Ora, per capire, bisognerebbe immergersi in un’acqua scura dove riuscire a dare un nome preciso alle cose è impresa impossibile. Ricostruire nei dettagli quel che è successo negli anni Settanta è un’illusione.
Quanta gente che è ancora viva potrebbe parlare, quanta gente sa, ha visto, sentito, vissuto. Oggi hanno i capelli bianchi, figli di 40 o 50 anni, e nipoti.
Ogni volta che torno a frequentare quel tempo faccio due conti e scopro che sono dei nonni, scopro che alcuni se ne sono andati, altri sono malati.
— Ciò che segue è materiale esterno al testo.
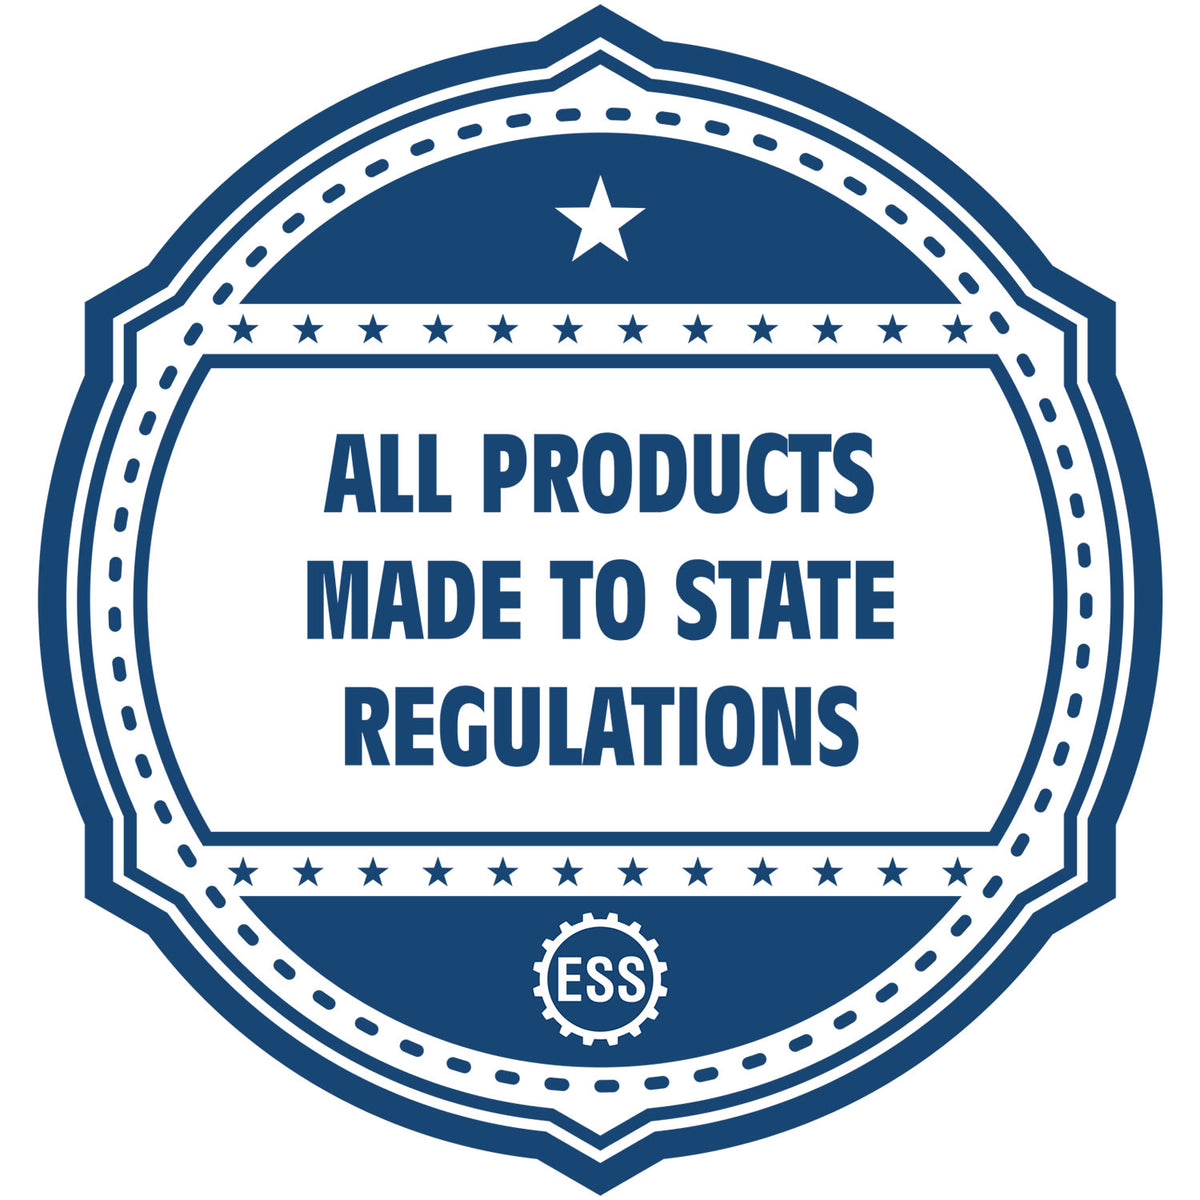 An icon or badge element for the Slim Pre-Inked Maryland Professional Engineer Seal Stamp showing that this product is made in compliance with state regulations.

Dentro di loro c’è ancora, forse lontano o magari vicinissimo e presente, quel ragazzo che sognava la rivoluzione, quello che aveva preso il gusto della violenza, quello che ha fatto cose di cui non ha voluto mai vergognarsi oppure che ha rimosso per non farci i conti.
Nessuno parla, se non quelli che lo fanno per professione, che hanno una loro tesi e una loro agenda da mezzo secolo e appena possono si affacciano sulla scena per gridare la loro verità, che troppo spesso è inquinata e serve a sentirsi ancora vivi e ancora nel giusto.
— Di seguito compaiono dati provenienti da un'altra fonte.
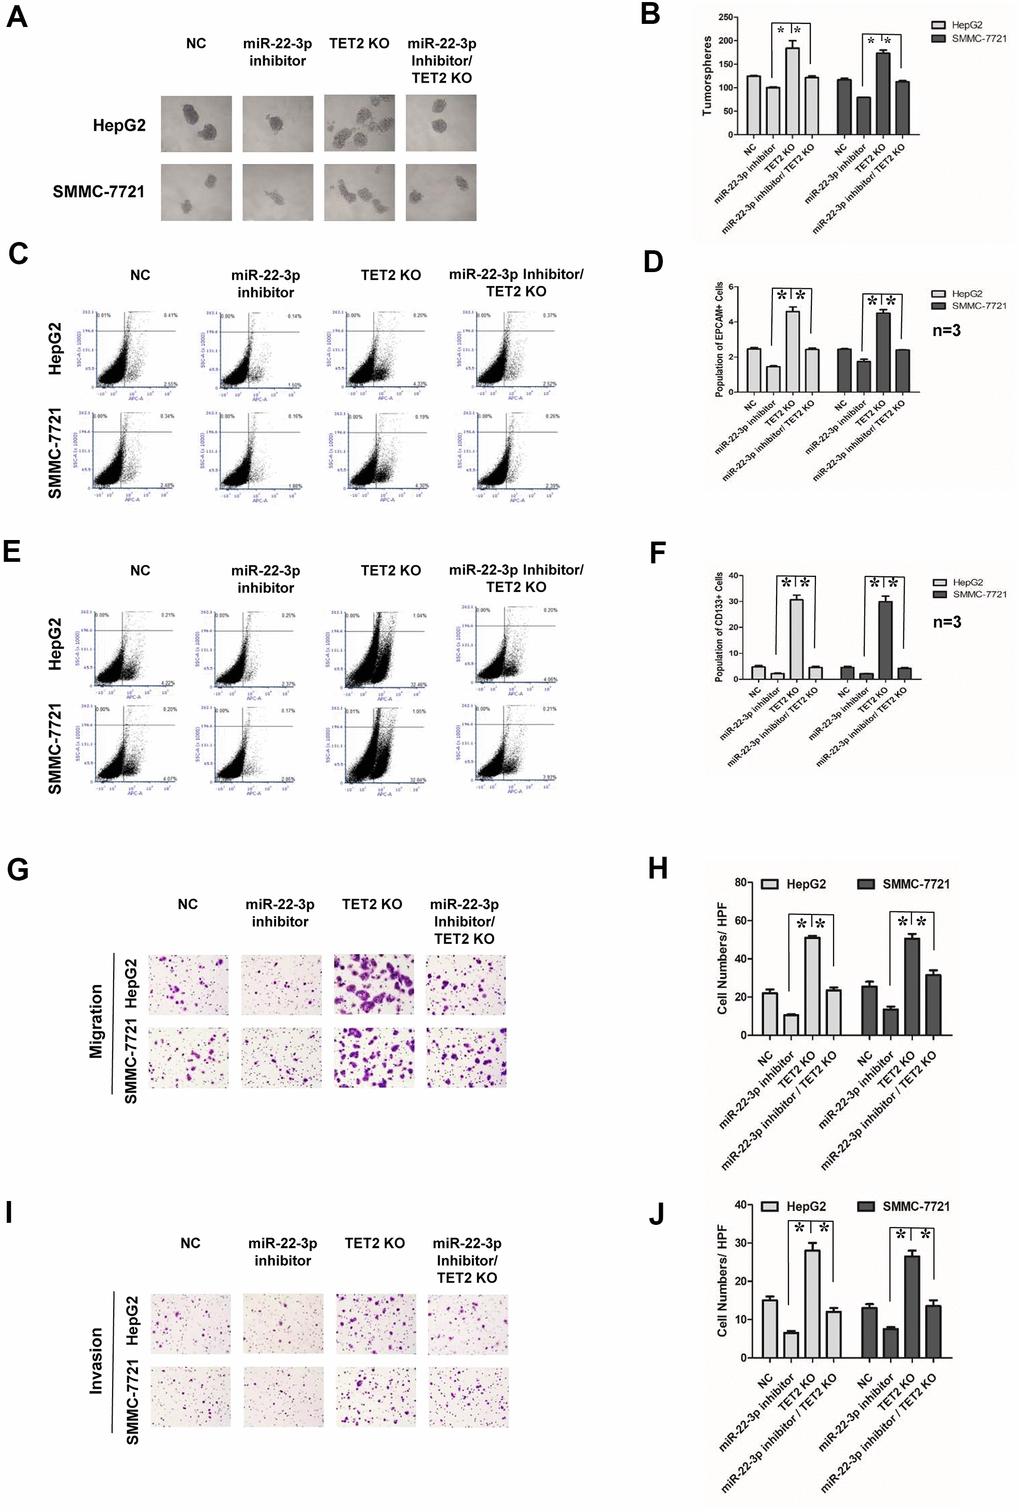 Effects of miR-22-3p and TET2 on stemness and metastasis of HCC cells. (A) Tumorspheres formation ability of HCC cells in negative-control, miR-22-3p inhibitor, TET2 KO and miR-22-3p inhibitor/TET2 KO groups. (B) The tumorspheres were quantified. *PC, D) Population of EPCAM-positive HCC cells in negative-control, miR-22-3p inhibitor, TET2 KO and miR-22-3p inhibitor/TET2 KO groups. *PE, F) Population of CD133- positive HCC cells in negative-control, miR-22-3p inhibitor, TET2 KO and miR-22-3p inhibitor/TET2 KO groups. *PG) Representative image showing the migration of HCC cells in control, negative-control, miR-22-3p inhibitor, TET2 KO and miR-22-3p inhibitor/TET2 KO groups. (H) The migrated cells were quantified as described in the Materials and Methods. *PI) Representative image showing the invasion of HCC cells in negative-control, miR-22-3p inhibitor, TET2 KO and miR-22-3p inhibitor/TET2 KO groups. (J) The invaded cells were quantified as described in the Materials and Methods. *P

Carole Beebe si sveglia spesso la notte e si chiede come sia possibile che nessuno abbia mai fatto il nome di uno dei due killer brigatisti che spararono a suo marito, l’economista Ezio Tarantelli, il 27 marzo 1985 all’Università La Sapienza. Eppure non si trattava di cani sciolti, tanti sanno, hanno procurato le armi, i covi, fatto da pali e vedette, pedinato, discusso, preparato volantini e rivendicazioni… eppure nessuno in trentacinque anni ha detto una parola.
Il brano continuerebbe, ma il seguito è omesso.